[refactoring] auth as middleware

2019-10-30 14:58:40 +01:00
parent a0e2f5e634
commit 0876f9baee
7 changed files with 32 additions and 41 deletions
--- a/components/admin/Settings.vue
+++ b/components/admin/Settings.vue
@@ -2,6 +2,7 @@
  div
    el-form(inline label-width="400px")
      //- select timezone
+      client-only
      el-form-item(:label="$t('admin.select_instance_timezone')")
        el-select(v-model='instance_timezone' filterable)
          el-option(v-for='timezone in timezones' :key='timezone.value' :value='timezone.value')
--- a/nuxt.config.js
+++ b/nuxt.config.js
@@ -63,7 +63,7 @@ module.exports = {
        endpoints: {
          login: { url: '/auth/login', method: 'post', propertyName: 'token' },
          logout: false,
-          user: { url: '/auth/user', method: 'get', propertyName: false }
+          user: false
        },
        tokenRequired: true,
        tokenType: 'Bearer'
--- a/server/api/auth.js
+++ b/server/api/auth.js
@@ -2,16 +2,10 @@ const { Op } = require('sequelize')
 const { user: User } = require('./models')

 const Auth = {
-  async fillUser (req, res, next) {
-    if (!req.user) { return next() }
-    req.user = await User.findOne({
-      where: { id: { [Op.eq]: req.user.id }, is_active: true }
-    }).catch(e => {
-      res.sendStatus(404)
-      return next(false)
-    })
-    next()
-  },
+
+  /** isAuth middleware
+   * req.user is filled in server/helper.js#initMiddleware
+  */
  async isAuth (req, res, next) {
    if (!req.user) {
      return res
@@ -29,6 +23,8 @@ const Auth = {
    }
    next()
  },
+
+  /** isAdmin middleware */
  isAdmin (req, res, next) {
    if (!req.user) {
      return res
--- a/server/api/index.js
+++ b/server/api/index.js
@@ -5,7 +5,7 @@ const bodyParser = require('body-parser')
 const expressJwt = require('express-jwt')
 const config = require('config')

-const { fillUser, isAuth, isAdmin } = require('./auth')
+const { isAuth, isAdmin } = require('./auth')
 const eventController = require('./controller/event')
 const exportController = require('./controller/export')
 const userController = require('./controller/user')
@@ -21,16 +21,9 @@ api.use(cookieParser())
 api.use(bodyParser.urlencoded({ extended: false }))
 api.use(bodyParser.json())

-// const jwt = expressJwt({
-//   secret: config.secret,
-//   credentialsRequired: false
-// })
-
-// api.use(jwt)
-
 // AUTH
 api.post('/auth/login', userController.login)
-api.get('/auth/user', fillUser, userController.current)
+api.get('/auth/user', userController.current)
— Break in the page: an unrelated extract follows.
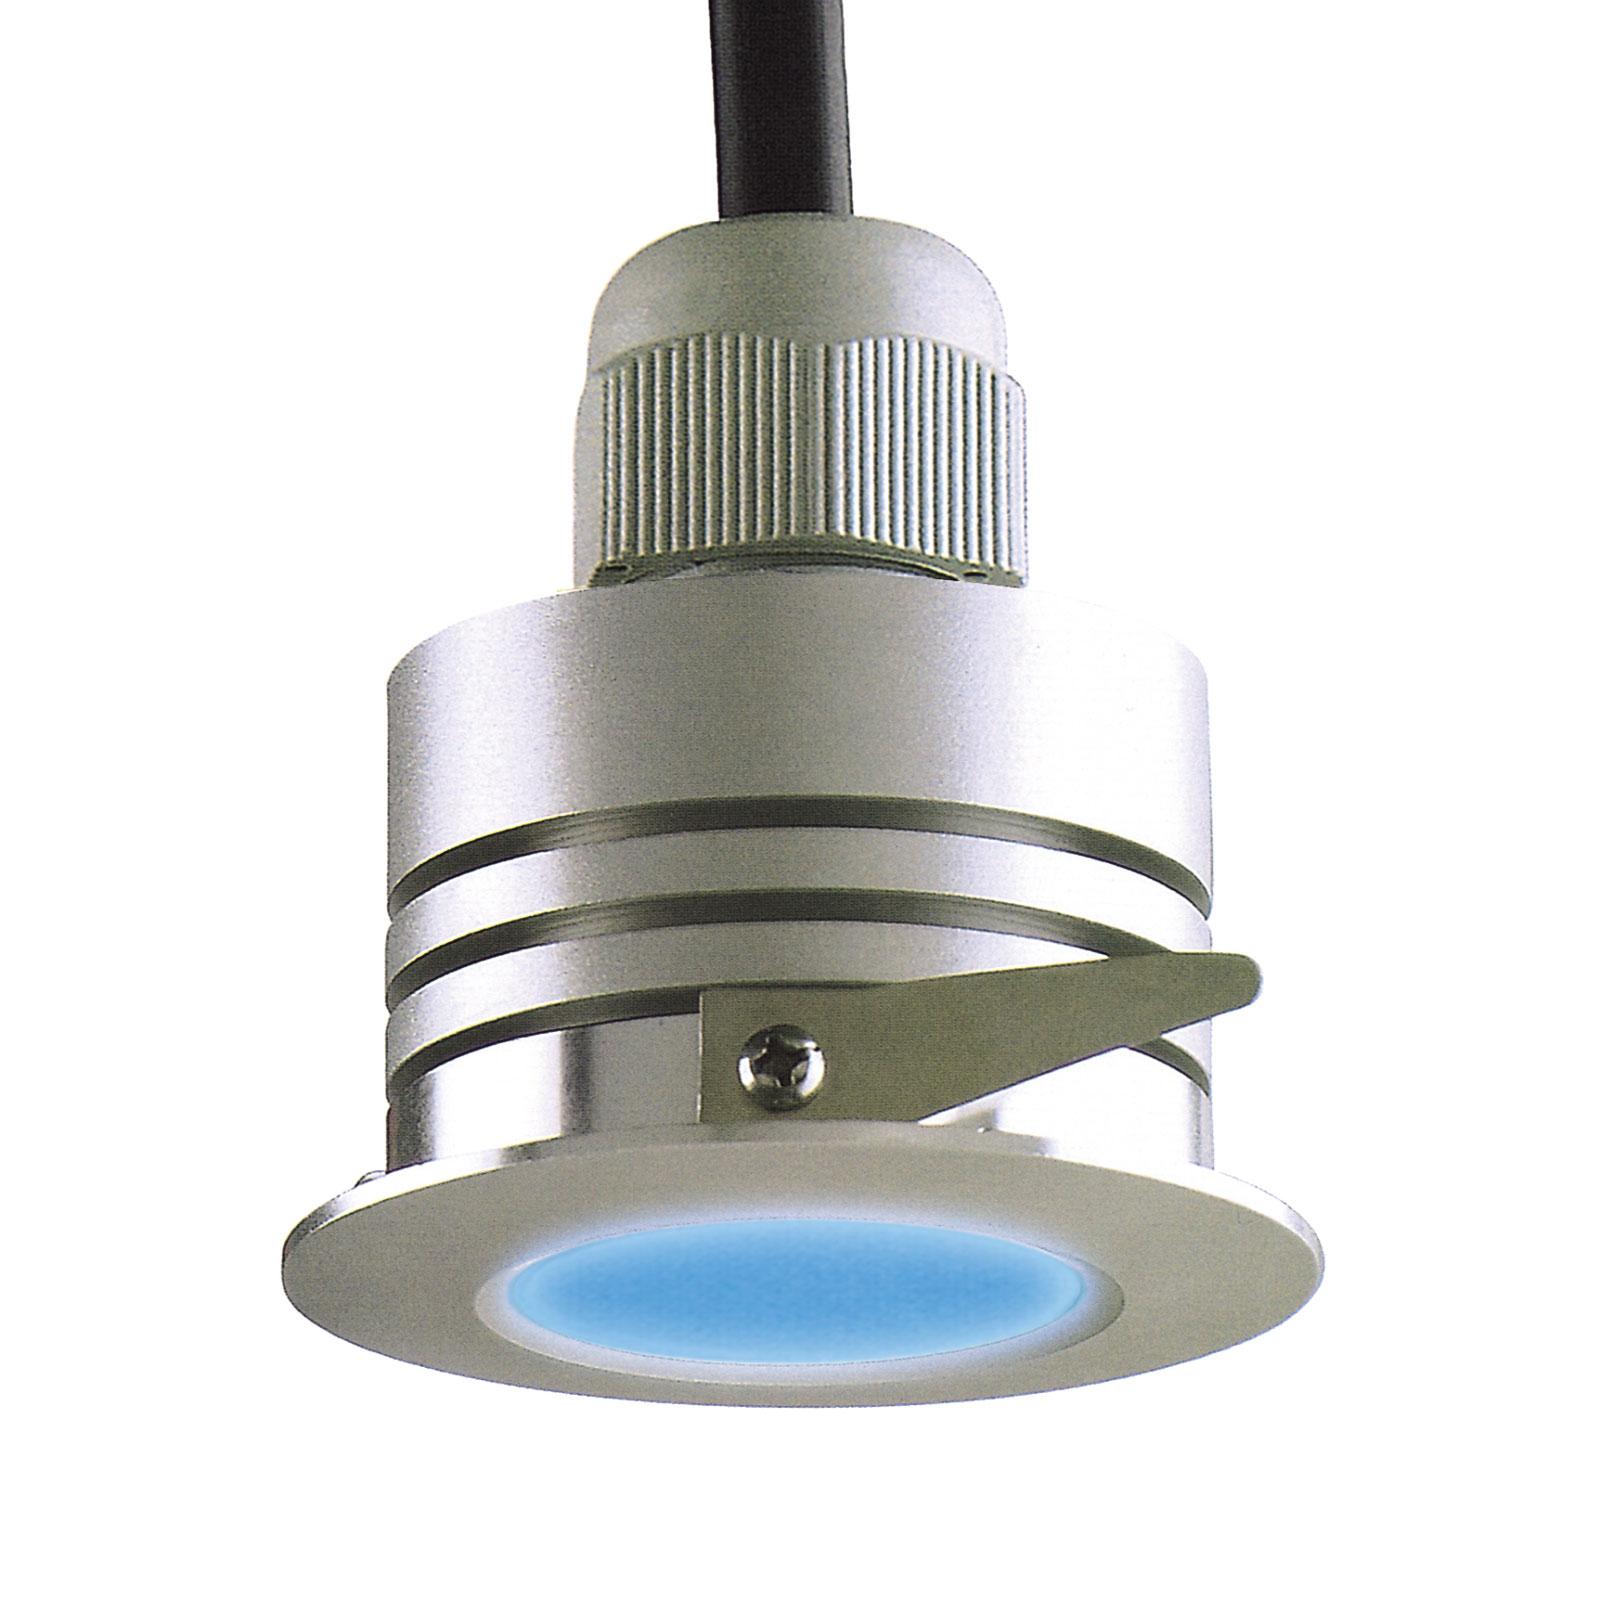 LED-Einbauspot Prato mit automatischem Farbverlauf

 api.post('/user/recover', userController.forgotPassword)
 api.post('/user/check_recover_code', userController.checkRecoverCode)
@@ -38,28 +31,24 @@ api.post('/user/recover_password', userController.updatePasswordWithRecoverCode)

 // register and add users
 api.post('/user/register', userController.register)
-api.post('/user', isAuth, isAdmin, userController.create)
+api.post('/user', isAdmin, userController.create)

 // update user
 api.put('/user', isAuth, userController.update)

 // delete user
-api.delete('/user/:id', isAuth, isAdmin, userController.remove)
+api.delete('/user/:id', isAdmin, userController.remove)

-//
 // api.delete('/user', userController.remove)

 // get all users
-api.get('/users', isAuth, isAdmin, userController.getAll)
-
-// update a tag (modify color)
-api.put('/tag', isAuth, isAdmin, eventController.updateTag)
+api.get('/users', isAdmin, userController.getAll)

 // update a place (modify address..)
-api.put('/place', isAuth, isAdmin, eventController.updatePlace)
+api.put('/place', isAdmin, eventController.updatePlace)

 // add event
-api.post('/user/event', fillUser, upload.single('image'), userController.addEvent)
+api.post('/user/event', upload.single('image'), userController.addEvent)

 // update event
 api.put('/user/event', isAuth, upload.single('image'), userController.updateEvent)
@@ -71,14 +60,14 @@ api.delete('/user/event/:id', isAuth, userController.delEvent)
 api.get('/event/meta', eventController.getMeta)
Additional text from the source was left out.